Host key verification failed.

To fix this, we just need to re-generate the keys.

Warning

Do NOT run ssh-keygen -f!

It is a symlink to ssh_known_hosts -> /etc/pve/priv/known_hosts

ssh-keygen will break this, and it will not be automatically synced and updated.

Proxmox links the ssh_known_hosts file back to its cluster file system, and all hosts "share" the same file.

BUG: https://bugzilla.proxmox.com/show_bug.cgi?id=4252

On the new host, run pvecm updatecerts

Documentation: https://pve.proxmox.com/pve-docs/pvecm.1.html

Ansible task to re-link symlinks¶

Here is my ansible task, which corrects issues with symlinks

---
- name: Check if symbolic link exists
  stat:
    path: /etc/ssh/ssh_known_hosts
  register: ssh_known_hosts_stat

- name: Remove existing file if it's not a symbolic link
  file:
    path: /etc/ssh/ssh_known_hosts
    state: absent
  when: ssh_known_hosts_stat.stat.islnk == false

- name: Link /etc/ssh/ssh_known_hosts
  file:
    src:  /etc/pve/priv/known_hosts
    dest: /etc/ssh/ssh_known_hosts
    state: link

After completing this step- the errors will go away.

Summary¶

If- you are going through this process- hopefully the above documentation should save you a lot of time.
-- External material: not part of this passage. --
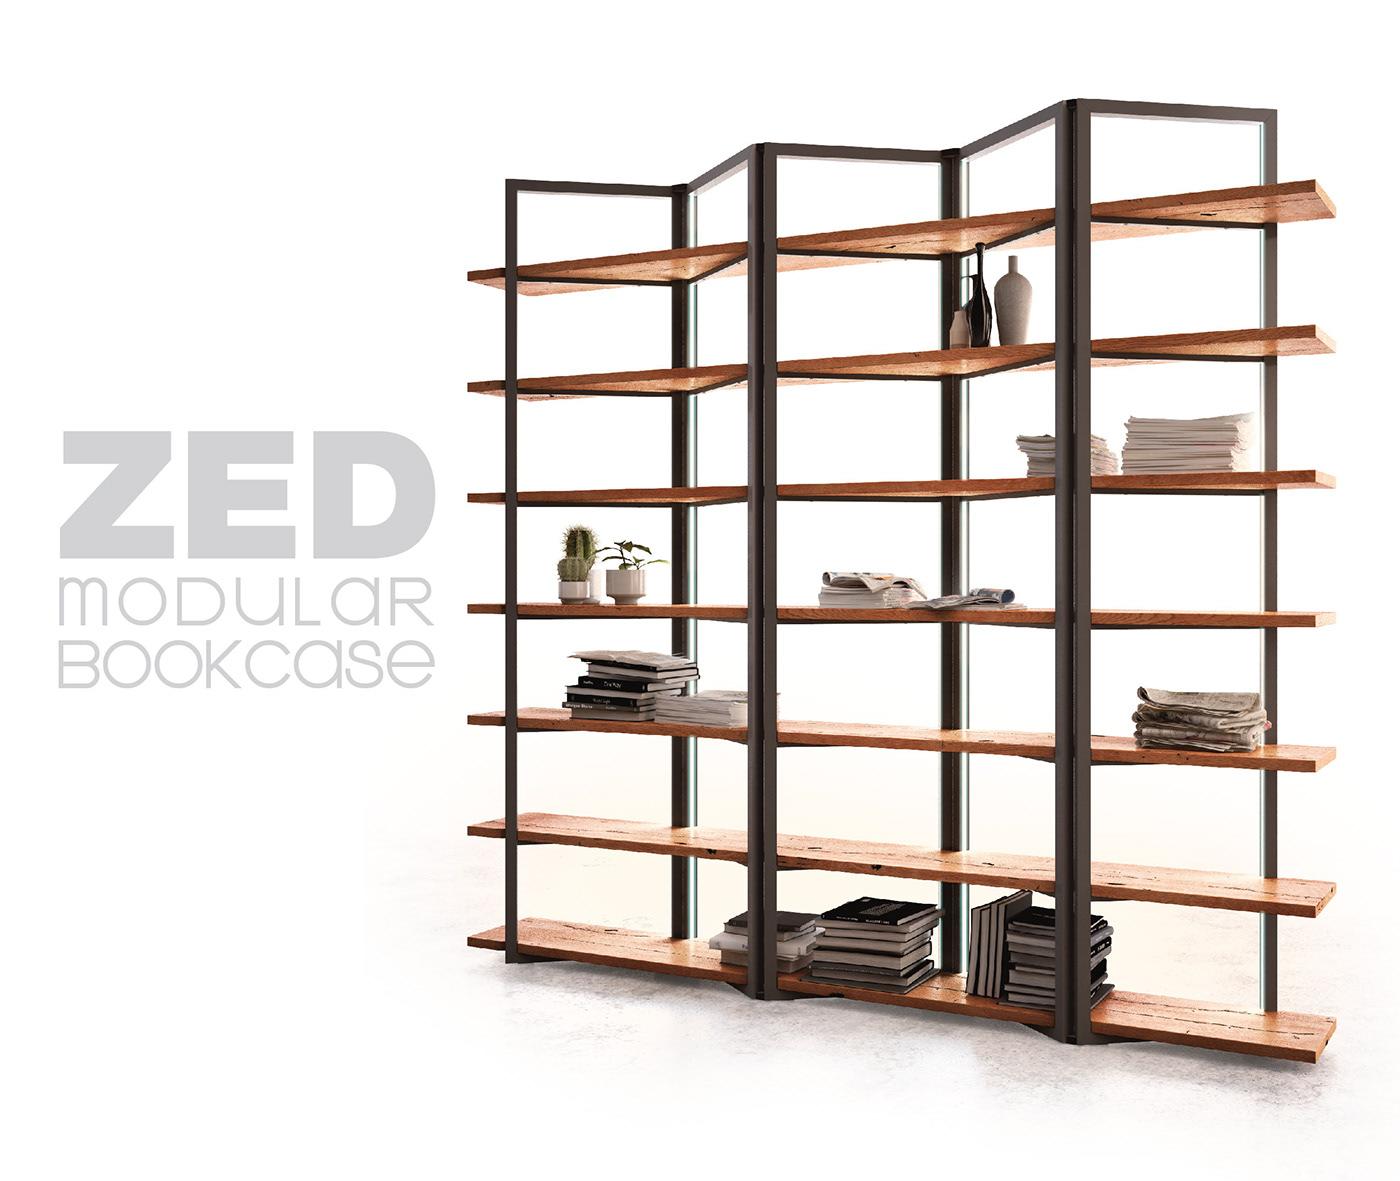 Zed Modular Bookcase On Behance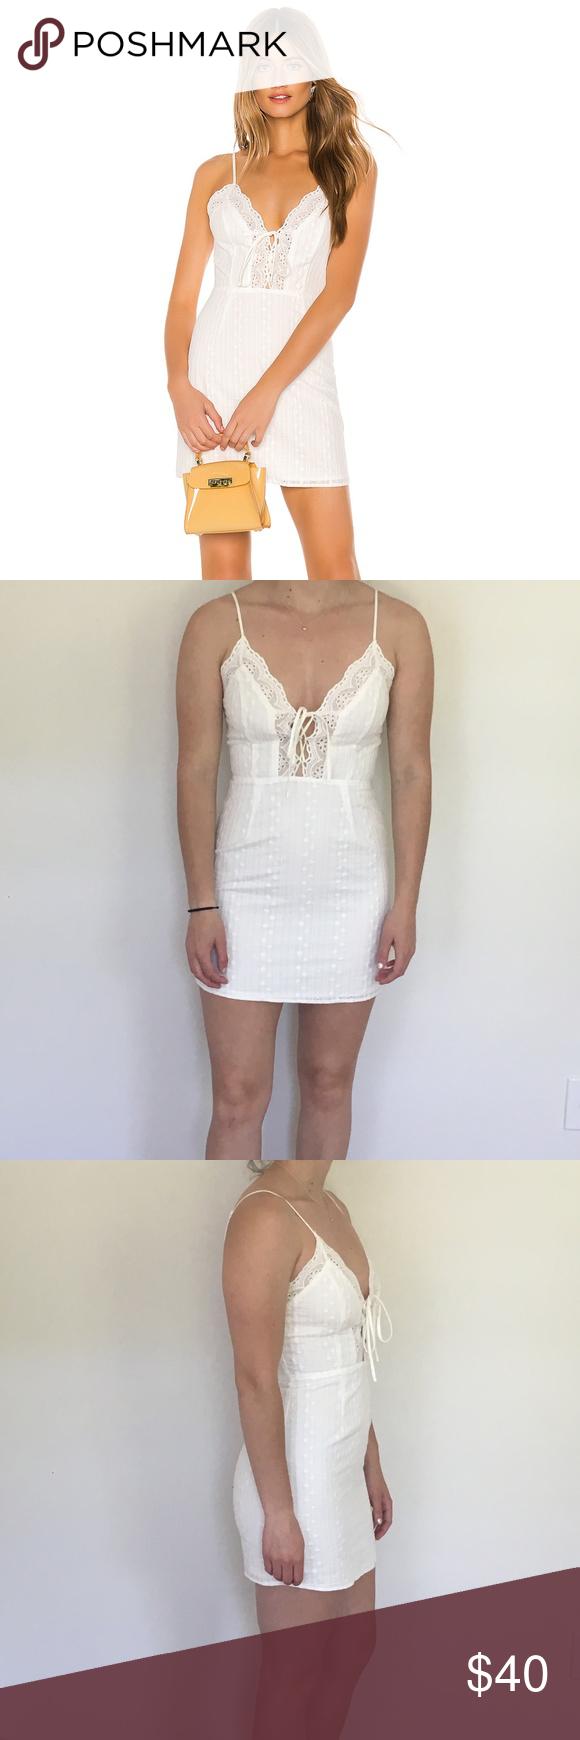 Superdown Alexi Eyelet Dress In White Eyelet Dress Dresses White Dress [ 1740 x 580 Pixel ]

It personally took me two or three hours to get this node fully back online and functional, as these steps, aren't really documented anywhere I could find.

A few random links which were less then helpful...

https://forum.proxmox.com/threads/backup-pve-host-and-restore-to-new-disk.129839/
- Nothing of use in here
https://www.reddit.com/r/Proxmox/comments/105jqwp/backing_up_proxmox_host/
- nothing of use in here either.
https://forum.proxmox.com/threads/backup-restore-procedure-for-proxmox-ve-host.118264/
https://forum.proxmox.com/threads/how-to-restore-pve-host.139585/
- had a few good pointers
https://pve.proxmox.com/wiki/Proxmox_Cluster_File_System_(pmxcfs)#_recovery
- useless
https://pbs.proxmox.com/docs/backup-client.html#creating-backups
- Also, useless. (There is no documentation on how to restore a host from PBS either!)

So- on that note, enjoy the first actual documentation (that I could find) on how to successfully reinstall a failed cluster node, and re-importing its configuration.

I will note, this also validates that my backup strategy of backing up the /etc/pve directory from a single host, is adequate for doing a cluster recovery, if needed.